Ari Paul, CIO of cryptocurrency hedge fund BlockTower Capital, talks with Business Insider editor-at-large Sara Silverstein about the three main risks with investing in cryptocurrencies. Following is a transcript of the video.
Ari Paul:I’m Ari Paul, CIO of BlockTower Capital. These are the three main risks of investing in cryptocurrency.
Sara Silverstein:And when you look at cryptocurrencies in general what do you think the biggest risks are in investing?
Paul:So it’s a broad variety. So you have the investment risk, these are hyper volatile assets. As with equities or bonds, any particular equity can go to zero, right? Any particular company, any stock, and the same is true of cryptocurrency. So any particular cryptocurrency can definitely go to zero. And even if it ultimately wins, bitcoin on its path from 10 cents to $US7,000, it’s fallen 80% five separate times. So that’s incredible volatility, right? Then you have – you have operational risk. So how do you store these cryptocurrencies securely? And then you have regulatory risk. So the US is only about a quarter of the world market. So the US government is not an existential threat to cryptocurrency, but as a US investor it could certainly be a threat. If I’m an endowment and I invest in cryptocurrency, I am exposed to regulatory changes.

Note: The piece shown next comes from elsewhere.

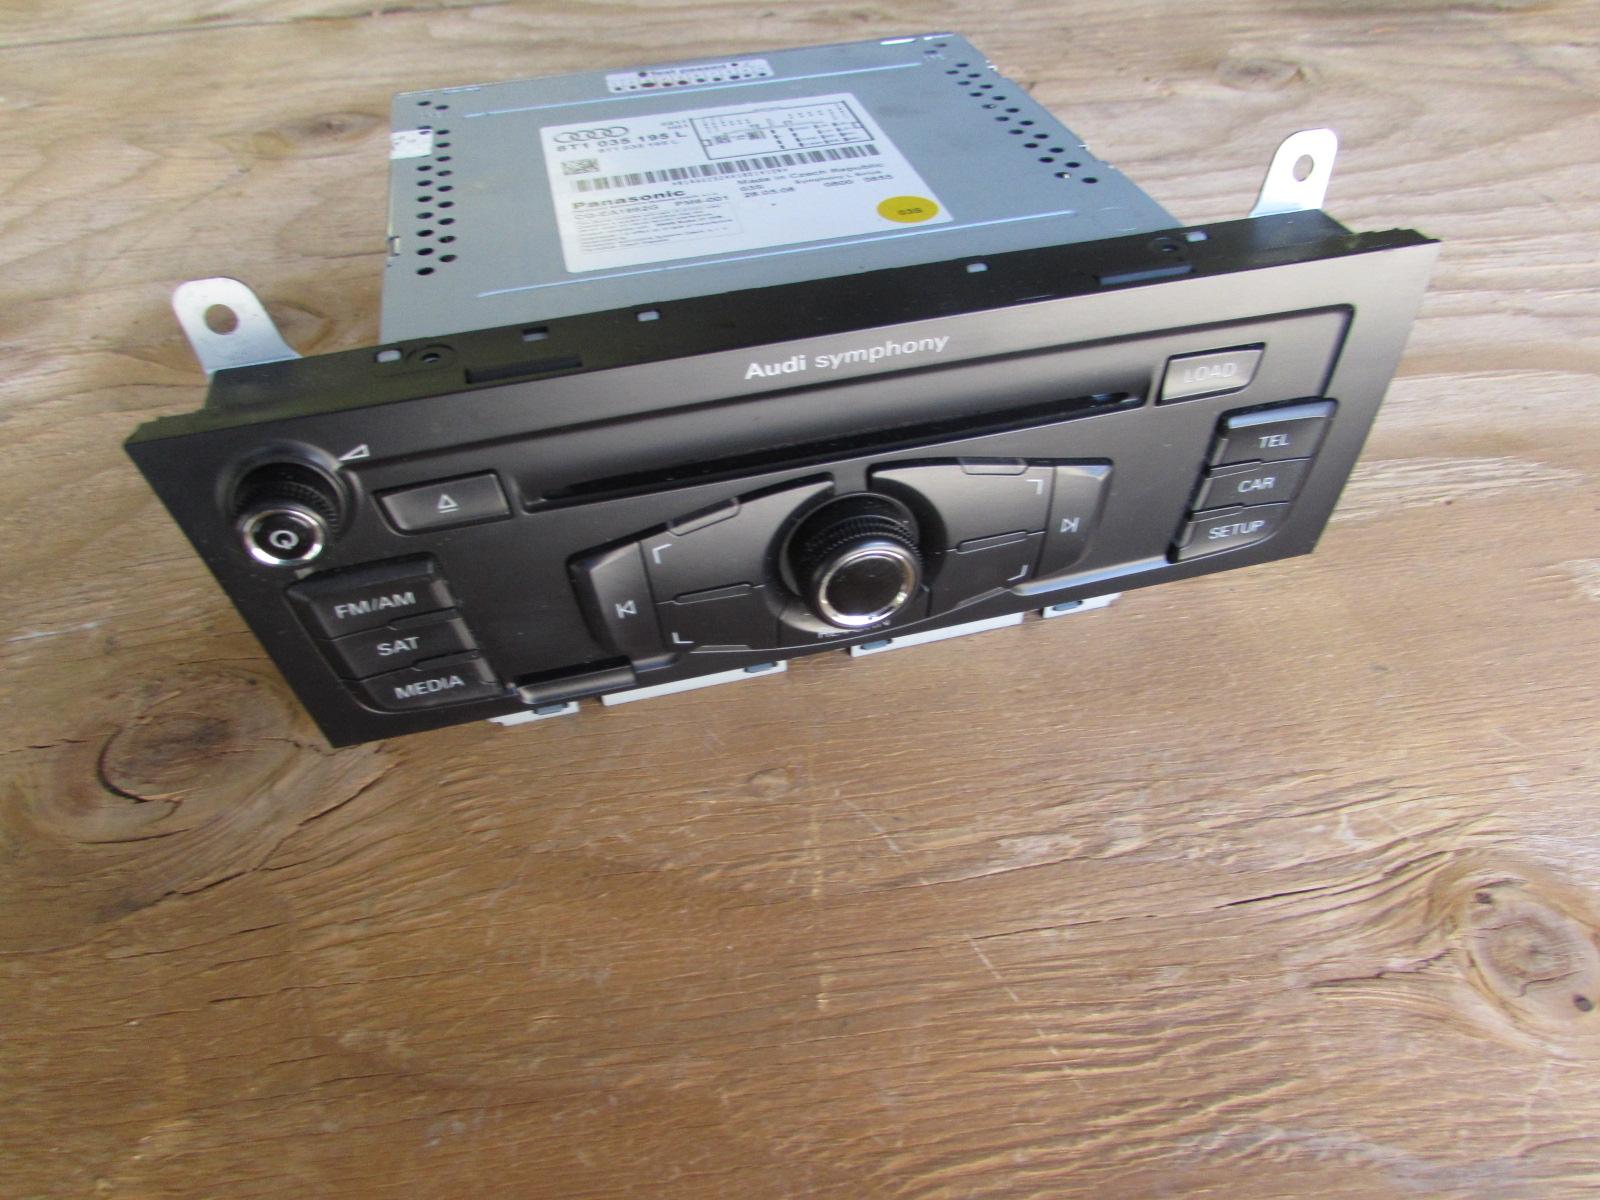 Audi OEM 09 A4 B8 6 Disc CD Player Radio Stereo Head Unit Receiver  Panasonic Symphony 8T1035195L
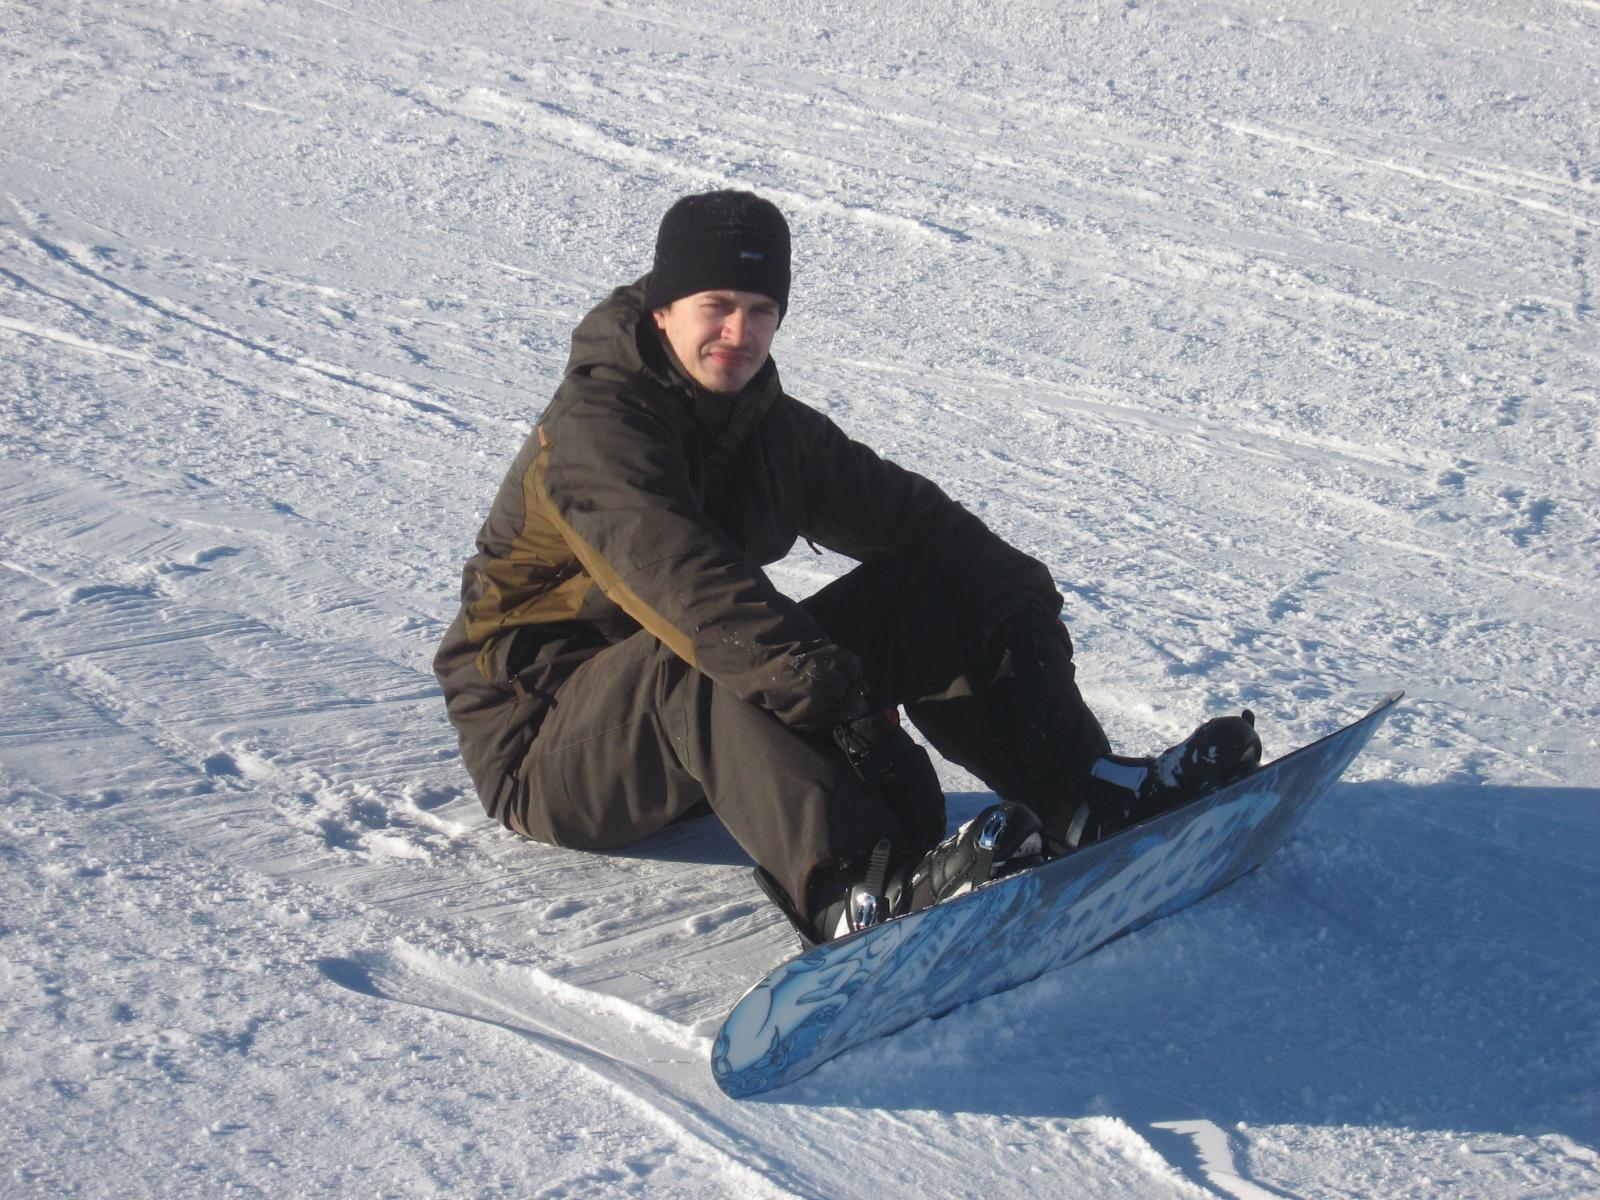 France - snowboarding

Silverstein:And what’s the operational risk? What does that mean – does it mean that how I’m holding my bitcoin is at risk?
Paul:Yes, yes. So if someone wants to steal assets that are stored in equity or cash, it’s hard. So they can maybe wire money out of a bank account. It’s traceable, they’re probably going to get caught, wires are reversible. With cryptocurrency transactions are irreversible, and can potentially be made truly anonymous. And so the thief is more likely to get away with it. So it’s a tremendous target for hackers, it’s a target for thieves, including insiders, and in a large operation, and there’s potentially no recourse. So you have to be really, really careful that you’re storing cryptocurrency securely. And that’s a serious concern.
Silverstein:And for people who are just individuals and who use a program like Coinbase or a wallet like that, what are the concerns there?
Paul:So, having your assets with Coinbase is a little bit like having a lot of money with a bank. So FDIC insurance will cover you a little bit, but if you have $US20 million with JPMorgan – what you have is an IOU. You actually don’t – legally you don’t own the money, JPMorgan does – you have an IOU, you are a creditor of JPMorgan. So similarly if you have bitcoin sitting on Coinbase, you are a creditor of Coinbase. If they go under, it’s unlikely you ever get your bitcoin. So if they get hacked or bankrupted for some reason. So to actually really own your bitcoin or cryptocurrency, in a way that is secure, you need to have physical control over it. Now what does physical control mean, right? We’re talking about zeros and ones. So what that means is – to own cryptocurrency means you know, basically a password, it’s called a private key. The best way to store it securely for most people, is to used what’s called a hardware wallet. So there’s something called the Treasure or Ledger are two leading companies that make a very secure – kind of looks like a USB stick, and it’s the best security solution today. Where you can store it yourself, securely, in a way that probably is not hackable.